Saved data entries
....
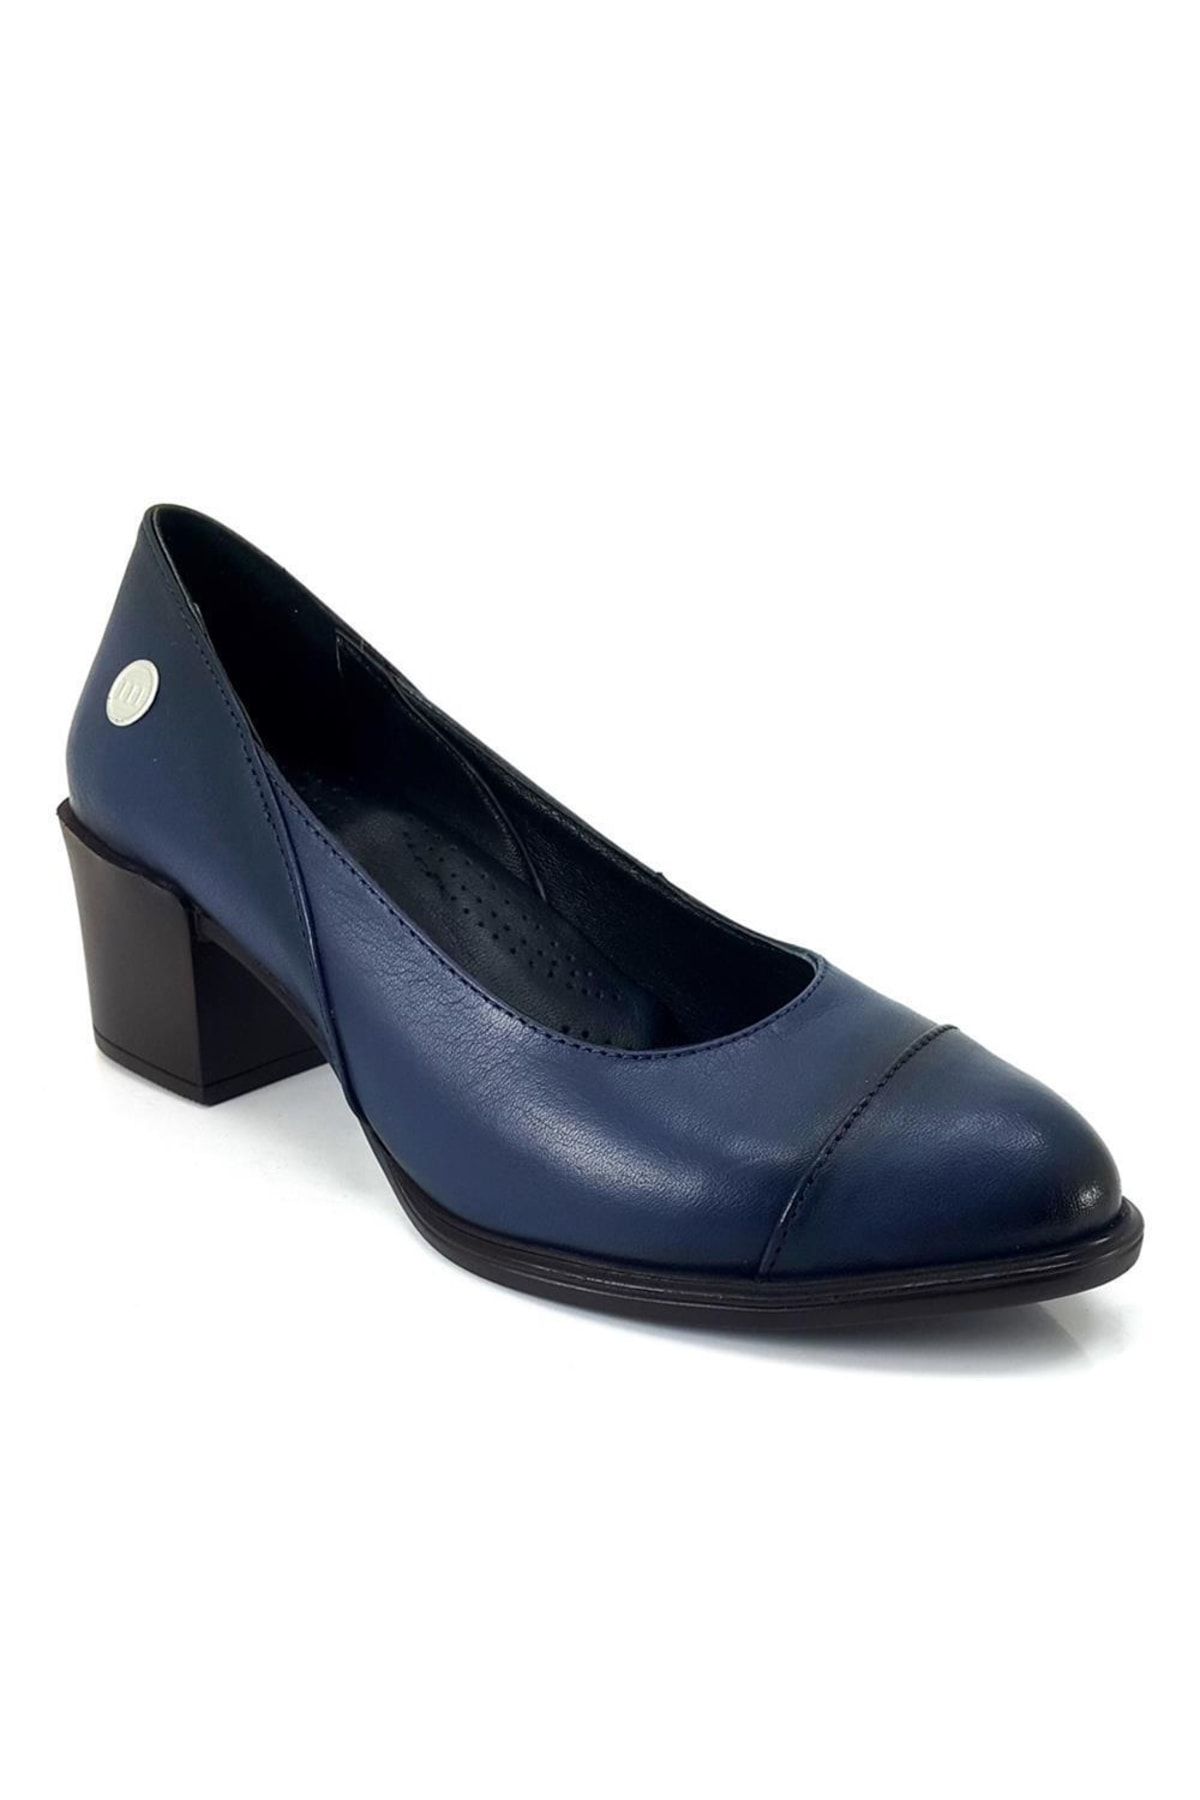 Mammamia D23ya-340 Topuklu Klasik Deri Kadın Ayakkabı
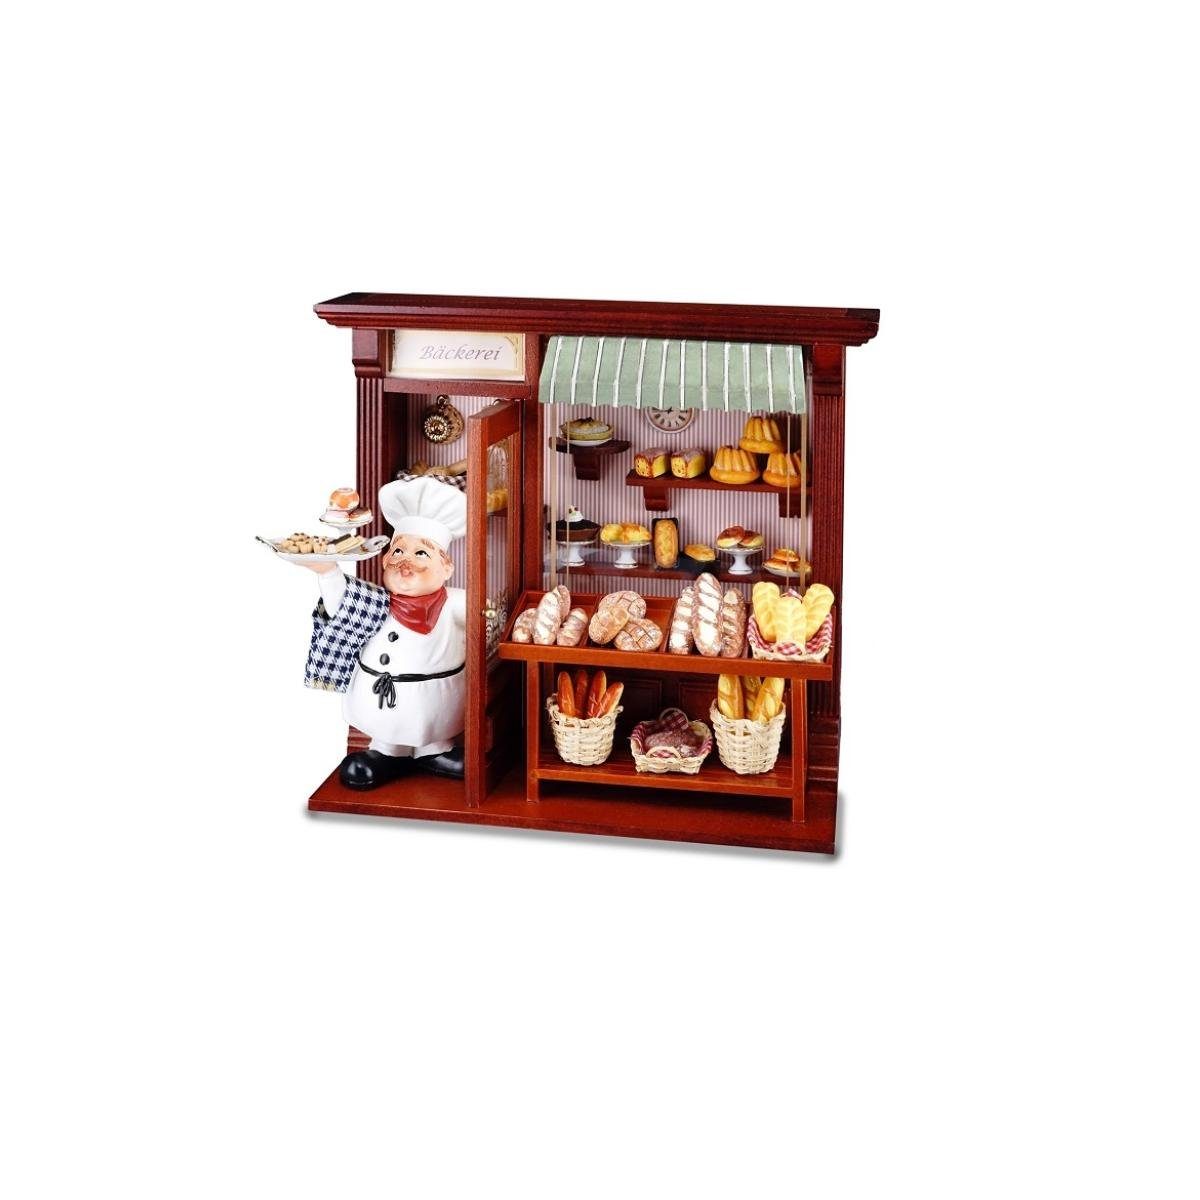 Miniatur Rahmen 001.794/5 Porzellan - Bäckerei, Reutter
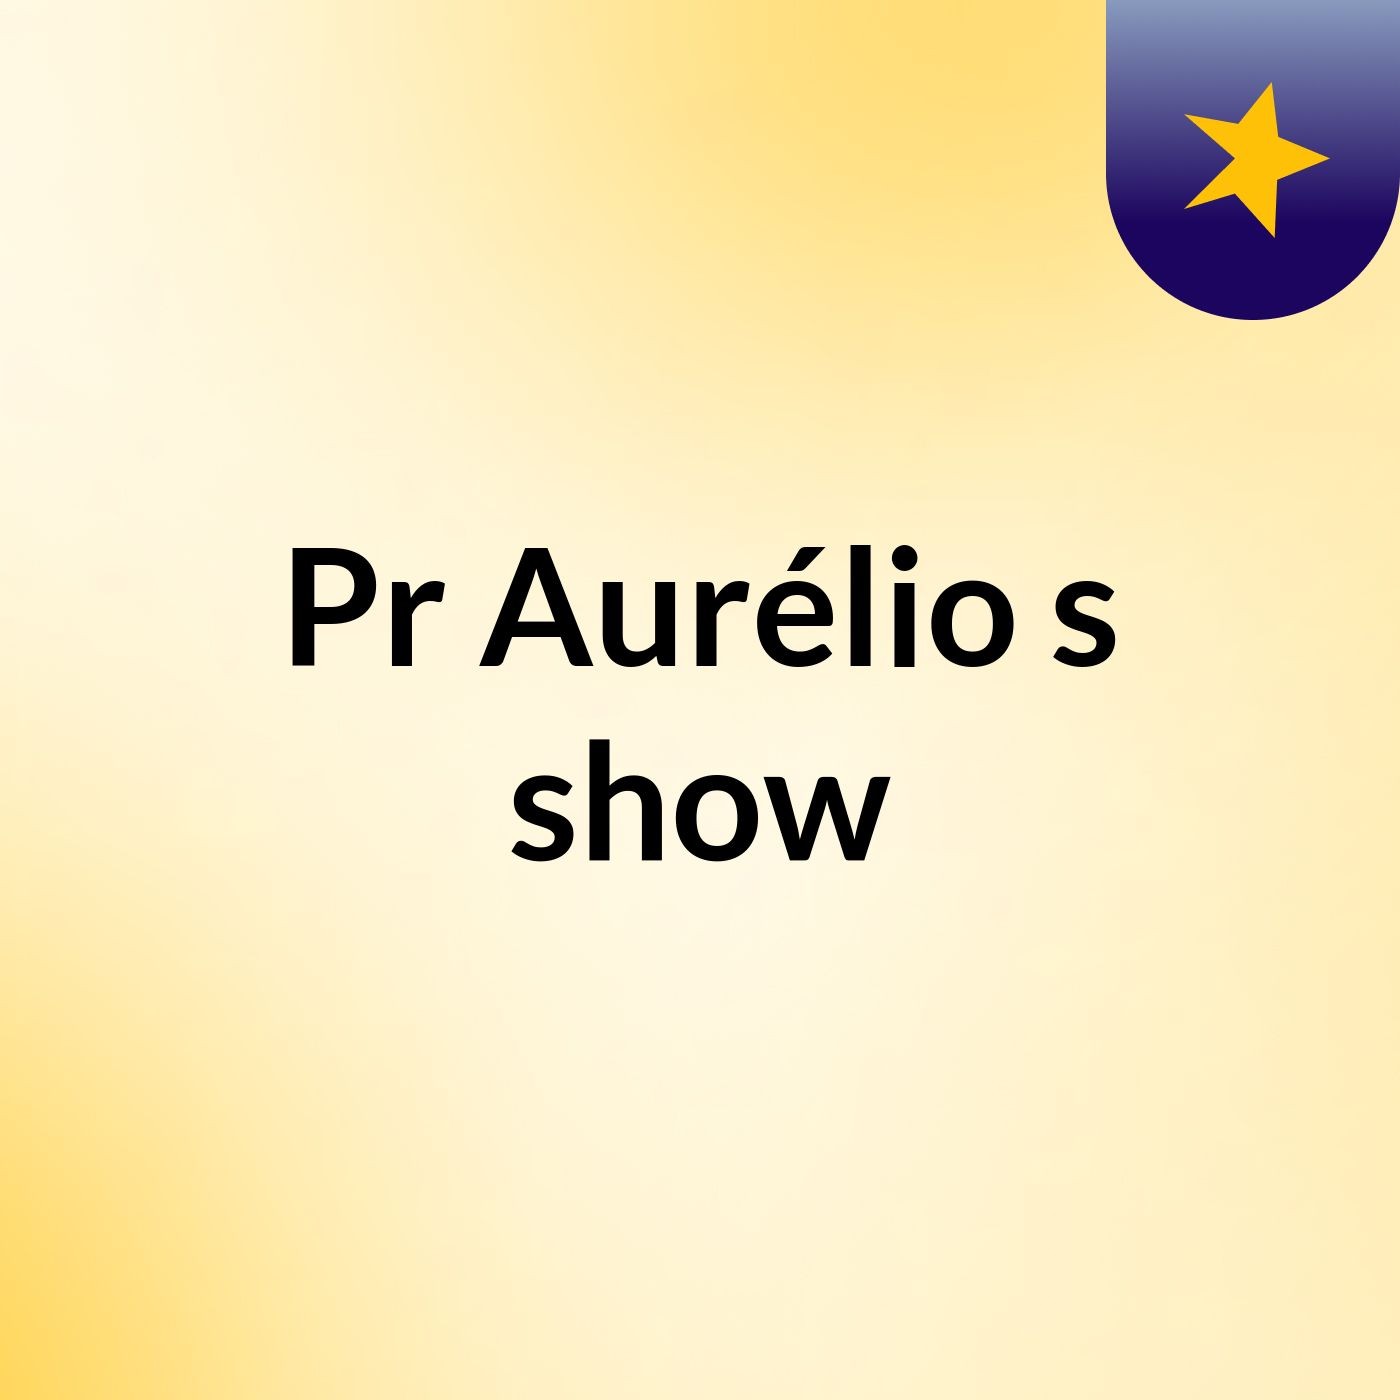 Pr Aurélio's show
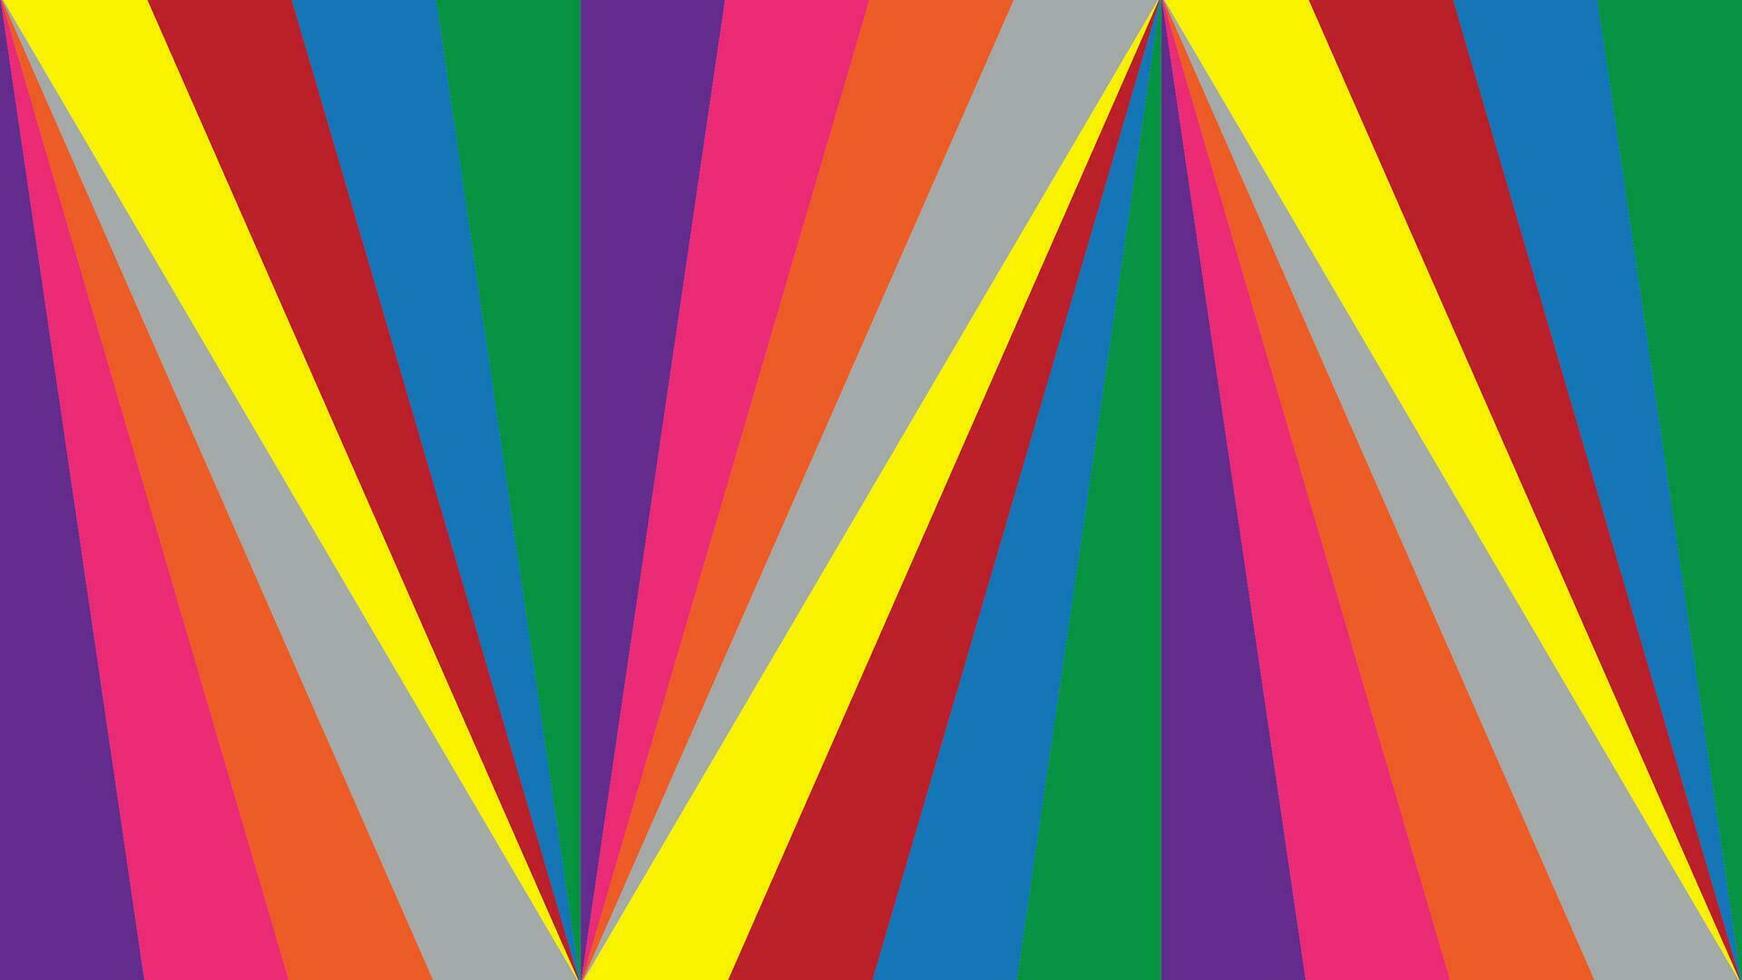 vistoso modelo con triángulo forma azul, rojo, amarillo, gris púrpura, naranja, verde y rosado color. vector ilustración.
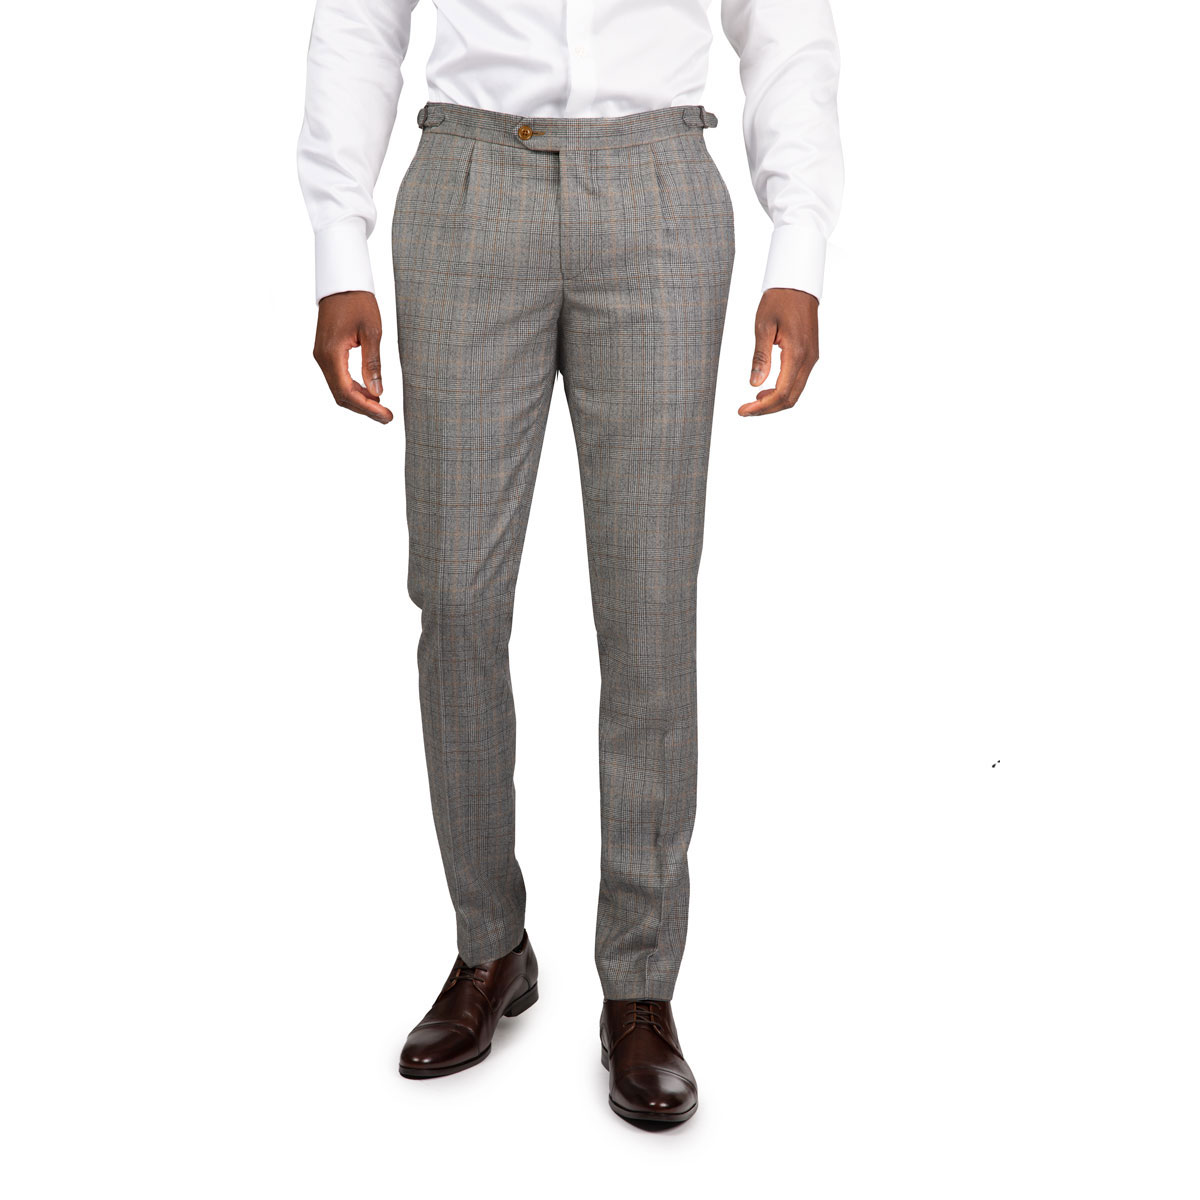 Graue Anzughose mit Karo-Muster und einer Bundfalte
....
## ACTION ITEM
All lines from the one containing "Miniatur Rahmen 001.794/5" through the end of the entries, both ends included, should be written out exactly, with no pictures.

## ANSWER SPACE
 Miniatur Rahmen 001.794/5 Porzellan - Bäckerei, Reutter
 Pr Aurélio's show
 vistoso modelo con triángulo forma azul, rojo, amarillo, gris púrpura, naranja, verde y rosado color. vector ilustración.
 Graue Anzughose mit Karo-Muster und einer Bundfalte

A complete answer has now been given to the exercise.